You could take it a step further even and set up a simple loop station. If you have never recorded four part harmonies by yourself with a looper, you are missing out on one of the most fun things a musician can do. Plus, it is extremely fun to loop yourself and essentially play as a “solo ensemble!”
Be Prepared For Those Surprise Auditions
How many times have you been up in the middle of the night and found your absolute dream audition? You go to apply and they ask for an audio sample. You look and look, but the only samples you can find are from your junior year recital recorded on your friends iPhone.
How long ago was that recital? Does it accurately represent who you are as a musician today? Sure you can wait until the next day to go and record, but is that level of stress what you really want to be recording under? By having a consistent recording regiment with your practice and performances, you can have a library of every piece you have ever played that is high quality and up-to-date.
It's So Easy To Do
There is a reason that the music industry is being upended by independent artists.

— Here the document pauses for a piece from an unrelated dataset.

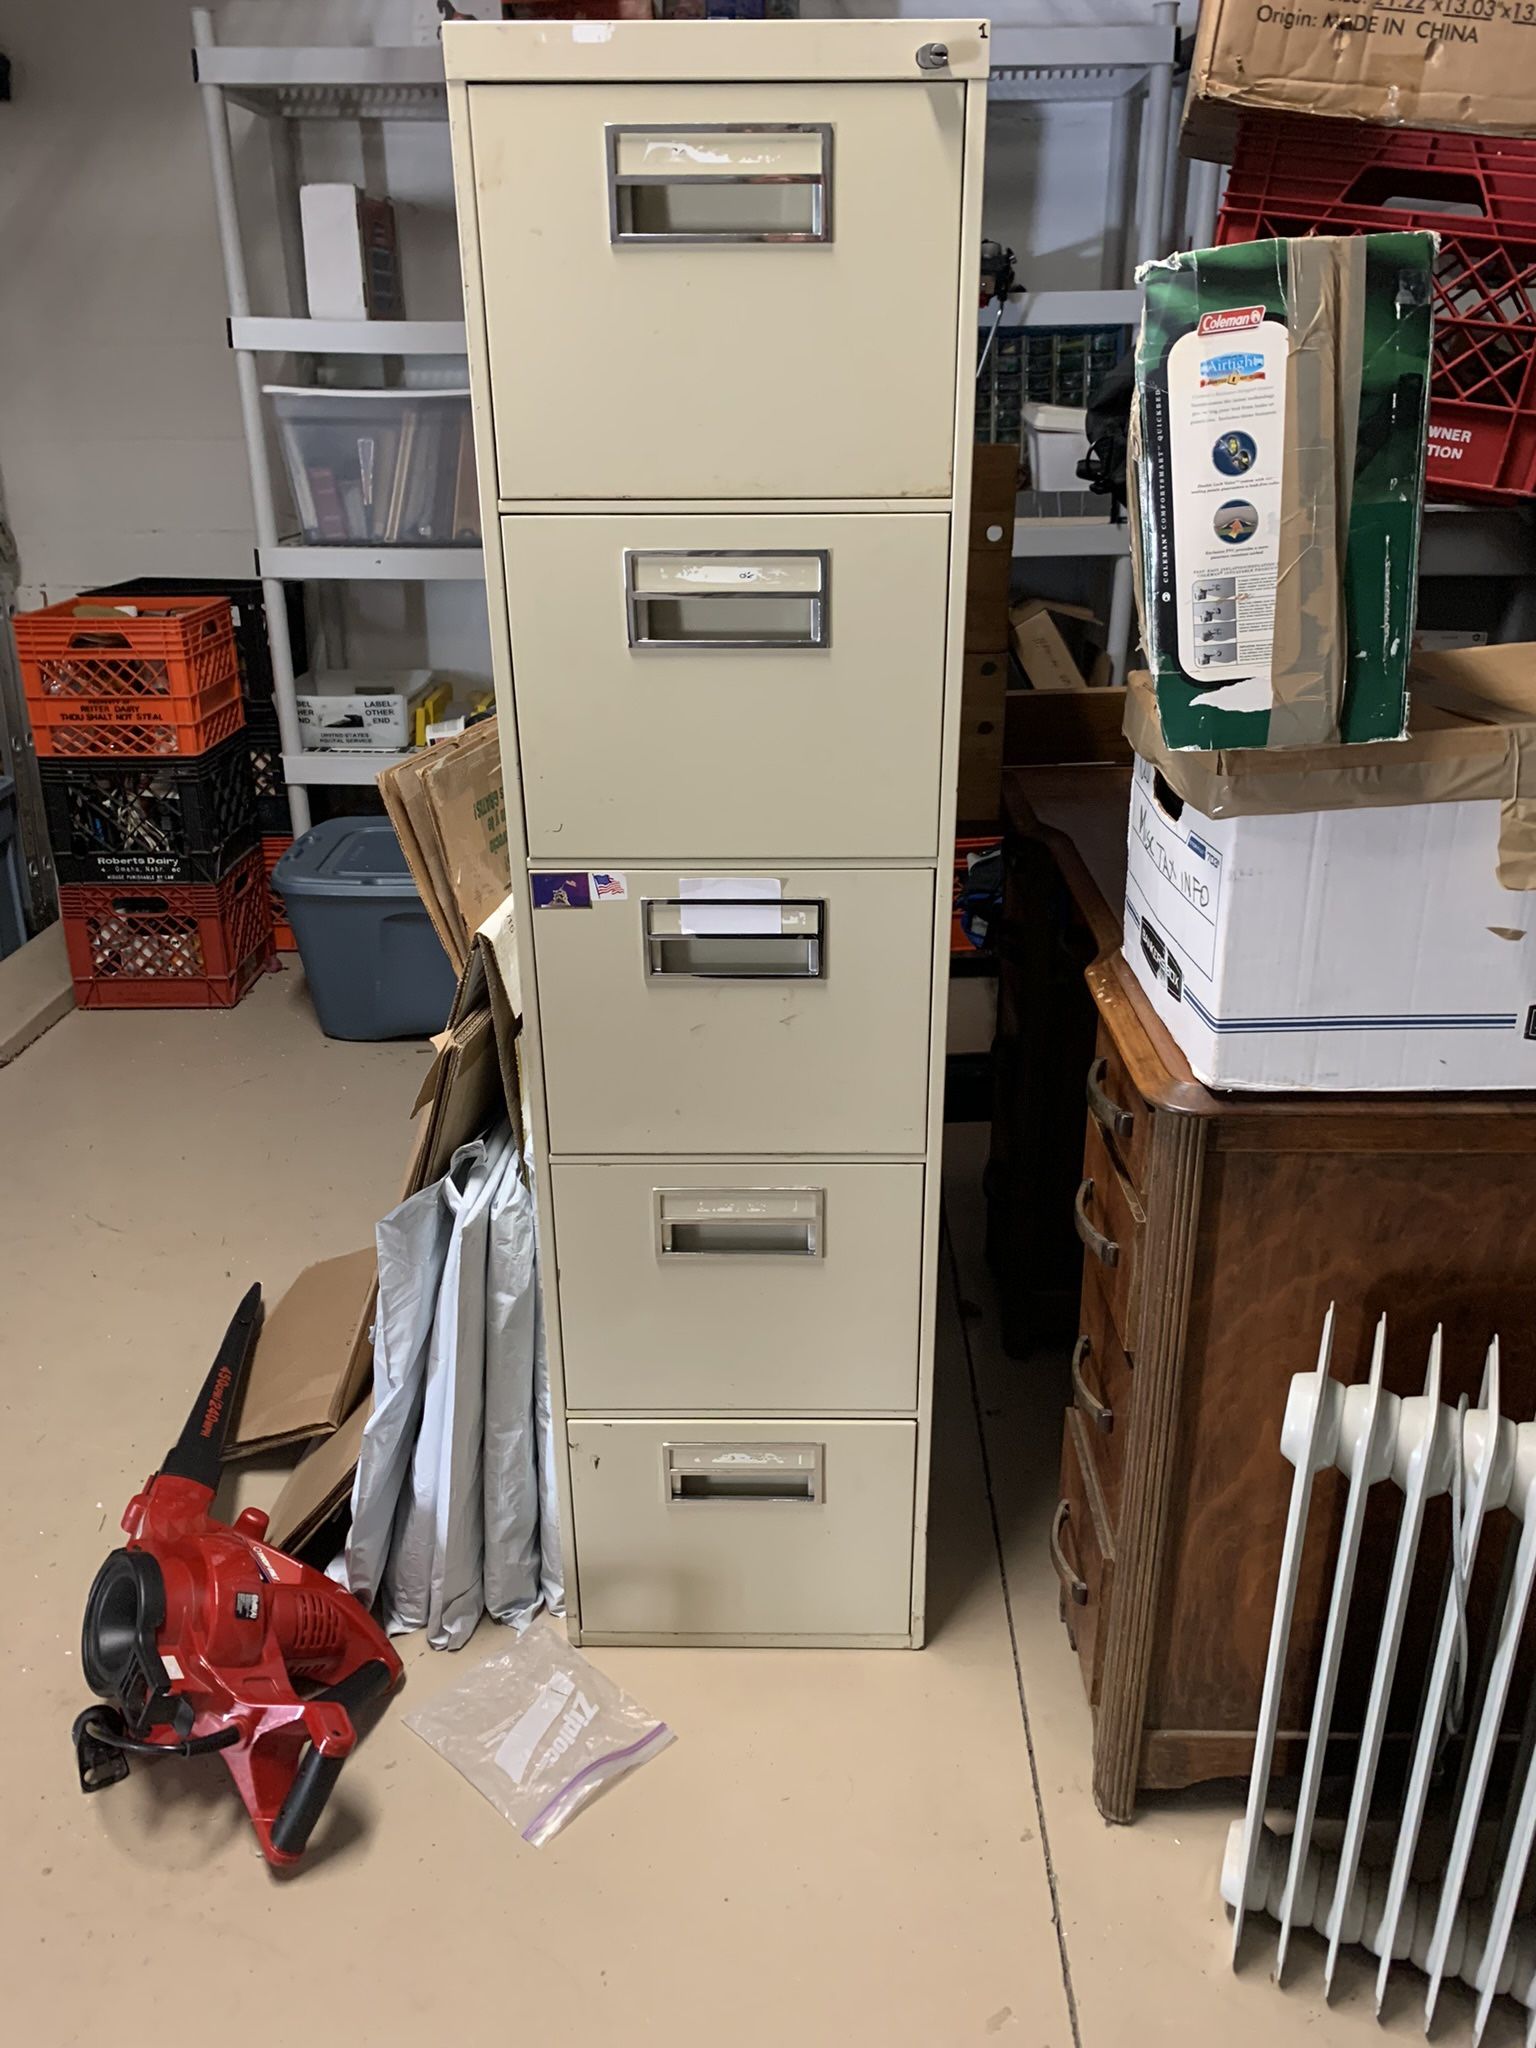 5 Drawer Steelcase File Cabinet

Everyone has access to high quality and affordable recording equipment. What would have taken a million-dollar recording studio can now be accomplished with a mic and laptop, and recorded nearly anywhere. You can get a simple microphone for your smartphone or your laptop. If you want to go the stand-alone route, handheld recorders are just as affordable and can offer more options and higher quality. If you are really committed to the art of recording, you can build a small studio, equipped and ready to rock out with whatever comes your way. The possibilities are endless!
To me, a musician who does not record is like a poet who does not write. You can be the best poet in the world, but if none of your works are preserved, how can you share your art with the world?